PHOENIX — Sheriff Joe Arpaio apologized Monday to victims for mishandled investigations of a large number of sex-crimes cases as the tough-talking lawman faced a growing outcry over allegations of mismanagement in his office.
Arpaio called a news conference to discuss the investigations in the city of El Mirage a day after The Associated Press ran an article outlining some of the bungled cases.
His office said 432 sex-crimes investigations from El Mirage and other parts of the county were reopened after his office learned of cases, including dozens of alleged child molestations, that hadn't been investigated adequately or weren't examined at all over a three-year period ending in 2007. The Maricopa County Sheriff's Office was under contract to handle law enforcement duties in the city on the edge of Phoenix at the time.

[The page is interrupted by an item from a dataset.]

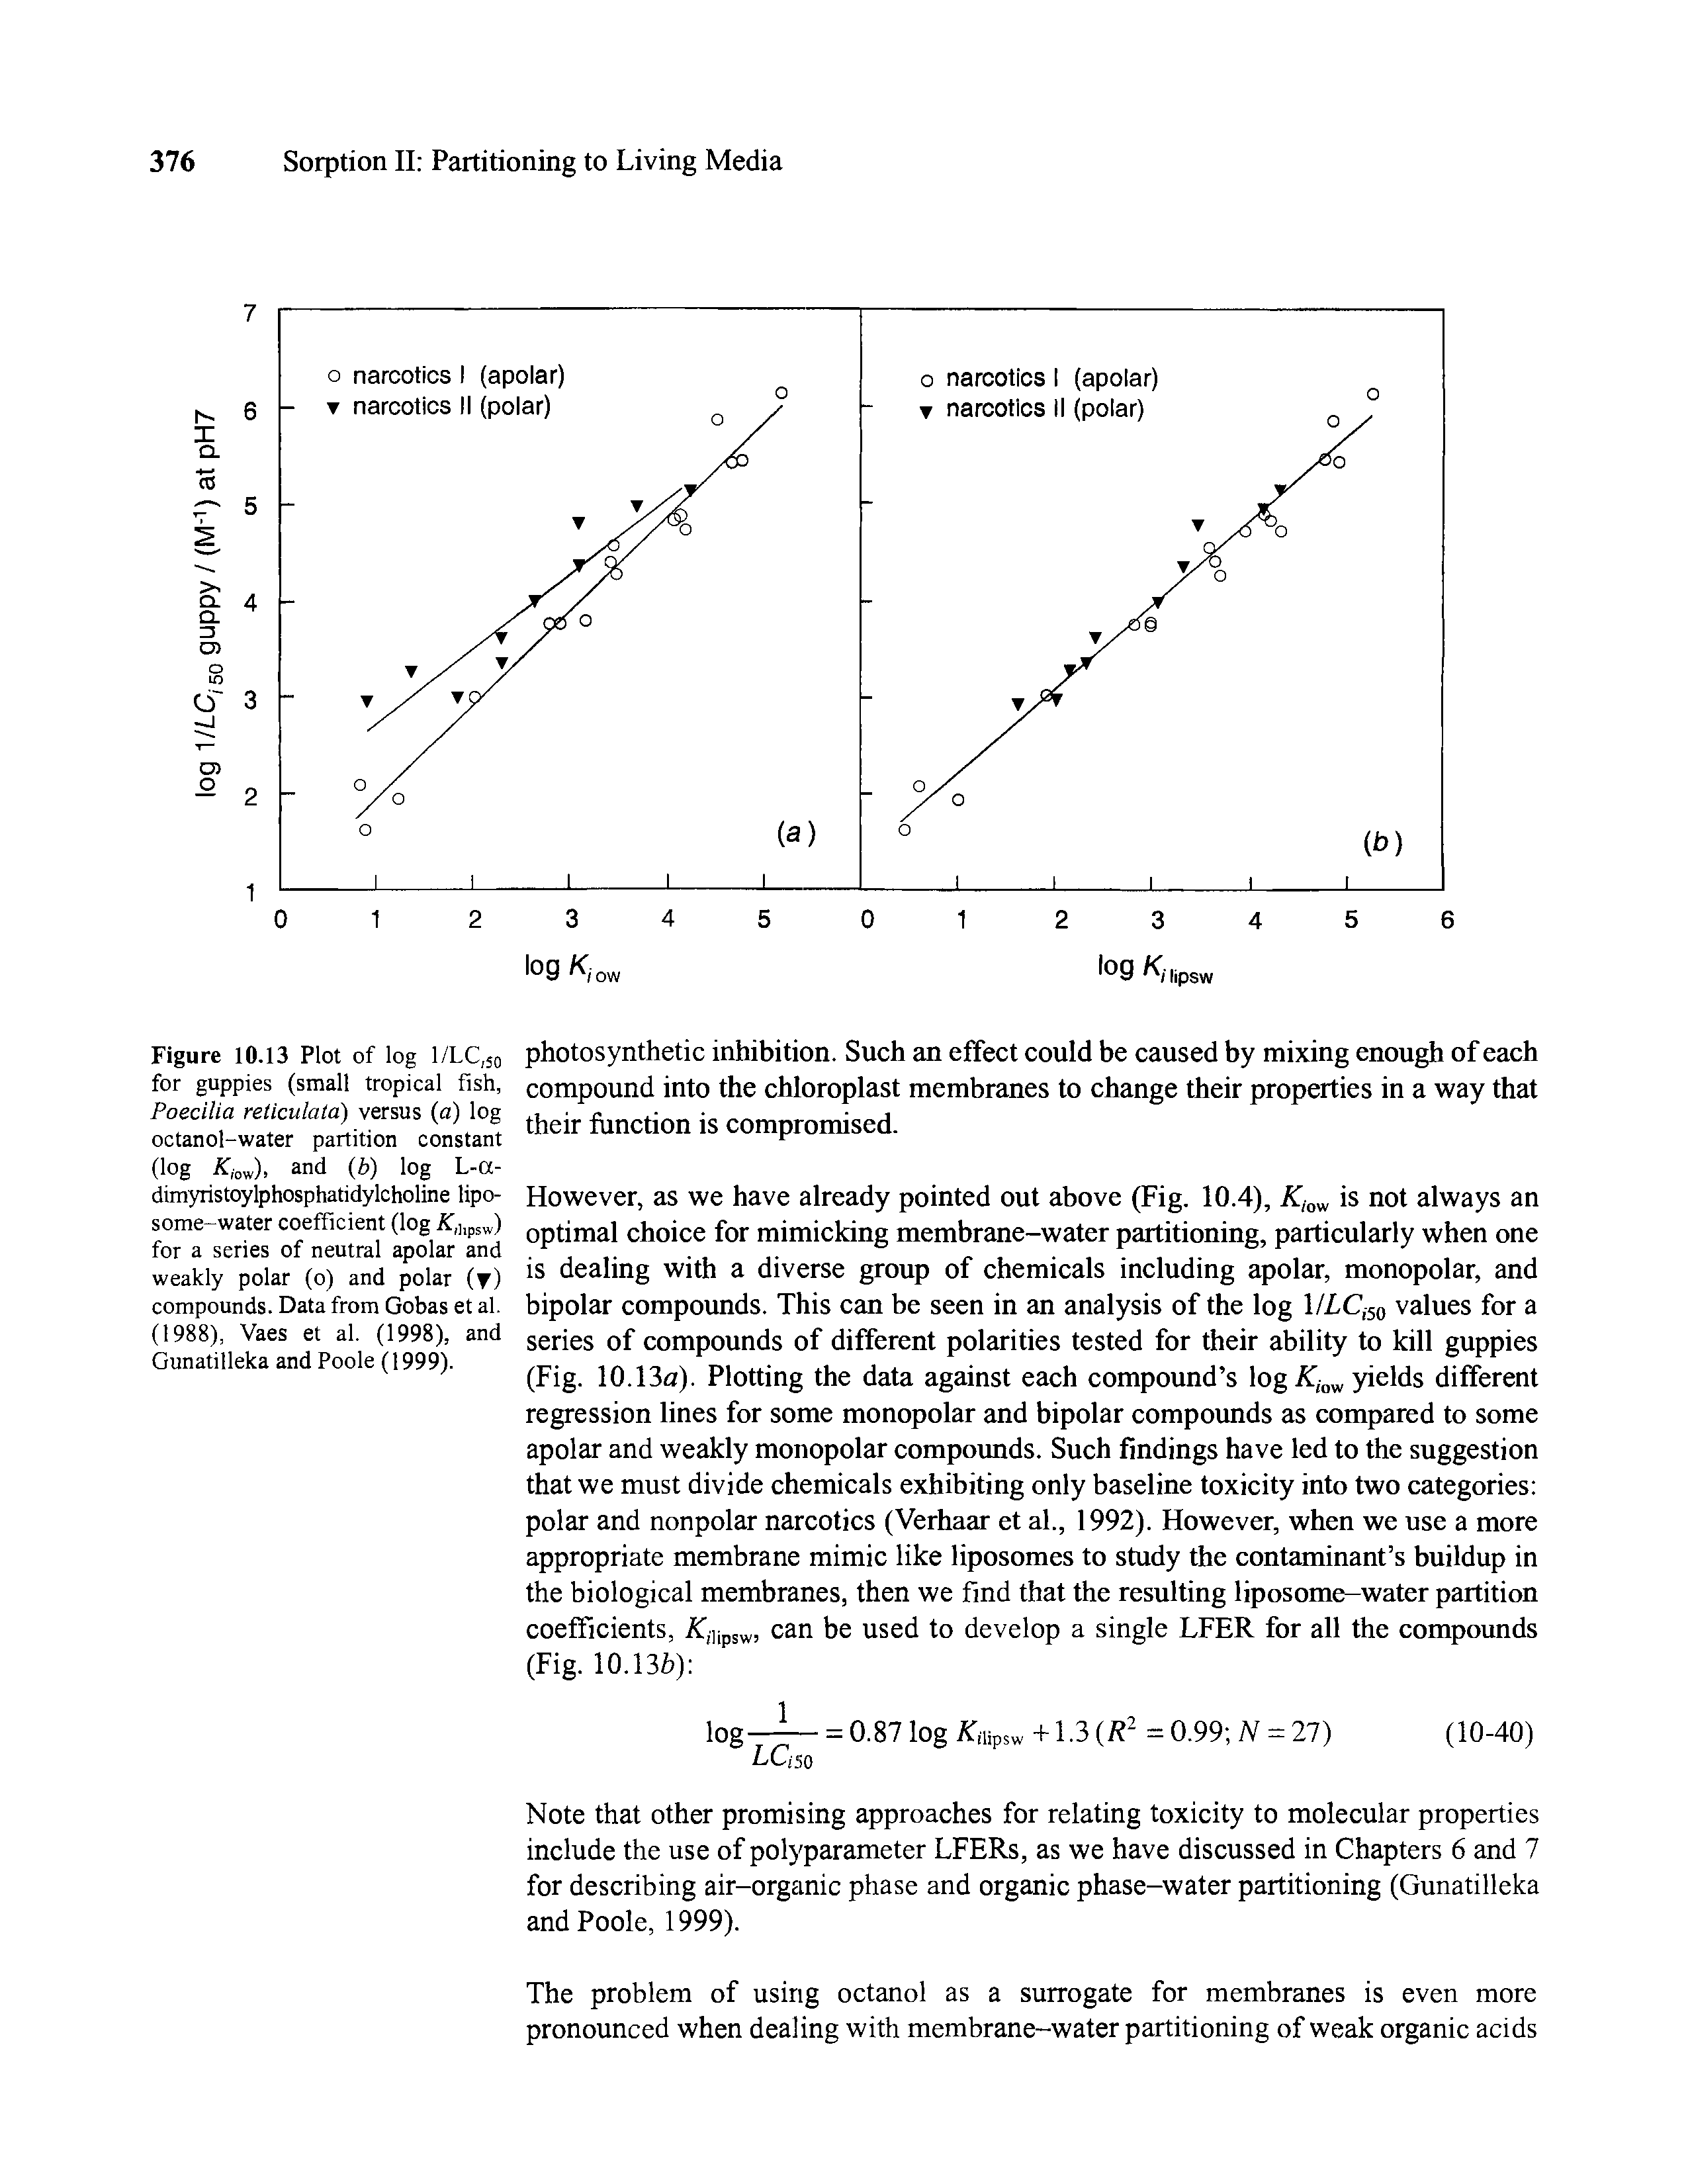 Figure 10.13 Plot of log 1/LC,S0 for guppies (small tropical fish, Poecilia reticulata) versus (a) log octanol-water partition constant (log A ,ow), and (b) log L-a-dimyristoylphosphatidylcholine liposome-water coefficient (log A)]ipsw) for a series of neutral apolar and weakly polar (o) and polar (t) compounds. Data from Gobas et al. (1988), Vaes et al. (1998), and Gunatilleka and Poole (1999).

"If there were any victims, I apologize to those victims," the sheriff said in his office's most detailed public comments about the cases.
Chief Deputy Sheriff Jerry Sheridan said the sheriff's office is poised to take possible disciplinary action as early as this week against the employees responsible for the cases.
The reopened cases resulted in 19 arrests, a figure the sheriff's office considers to be average and equal to the number of sex-crimes arrests made so far this year countywide.
Still, Captain Steve Whitney, the official in charge of criminal investigations, said there might have been more arrests had there been more timely investigations.
In El Mirage alone, officials discovered at least 32 reported child molestations — with victims as young as 2 years old — where the sheriff's office failed to follow through, even though suspects were known in all but six cases. Many of the victims, said a retired El Mirage police official who reviewed the files, were children of illegal immigrants.
Democratic U.S. Rep. Raul Grijalva, whose district doesn't include Arpaio's jurisdiction, issued a written statement saying the sheriff should immediately resign before more damage is done to public confidence in law enforcement. He and other critics say Arpaio puts too much emphasis on rounding up illegal immigrants at the expense of more important law enforcement responsibilities.
"The picture emerging — no follow-up, no investigation, no prosecution, no justice and a shield of silence after the fact — is not how we conduct law enforcement in this country," Grijalva said. "Enforcing laws against violent crime, whatever a victim's legal status, is mandatory and not something we leave to individual communities as an open question. Selective enforcement undermines respect for our brave legal officers and is rightly not tolerated by the public."
Arpaio rejected the congressman's criticism. "I am not going anywhere," Arpaio said.
The botched sex-crimes investigations have served as an embarrassment to a department whose sheriff is the self-described "America's Toughest Sheriff" and a national hero to conservatives on the immigration issue.
Sheridan said pending disciplinary action prevented him from explaining why the cases weren't investigated, but he acknowledged that employees of the sheriff's office made mistakes. "Once initial information came out, some detectives decided not to follow up," Sheridan said.
Whitney said the sheriff's office has since made changes to better track cases, and enacted more training and moved certain employees out of the sex-crimes squad.
Of the 428 reopened investigations that have been completed, 116 were deemed to have no basis in fact to move forward or had accounts that didn't add up. More than 220 were turned down by prosecutors or didn't have enough evidence to bring to prosecutors.
Sixty-nine cases had no further information to pursue or couldn't be advanced further.
The sex-crimes cases had been reported earlier by The Arizona Republic, the East Valley Tribune, KNXV-TV and other media outlets.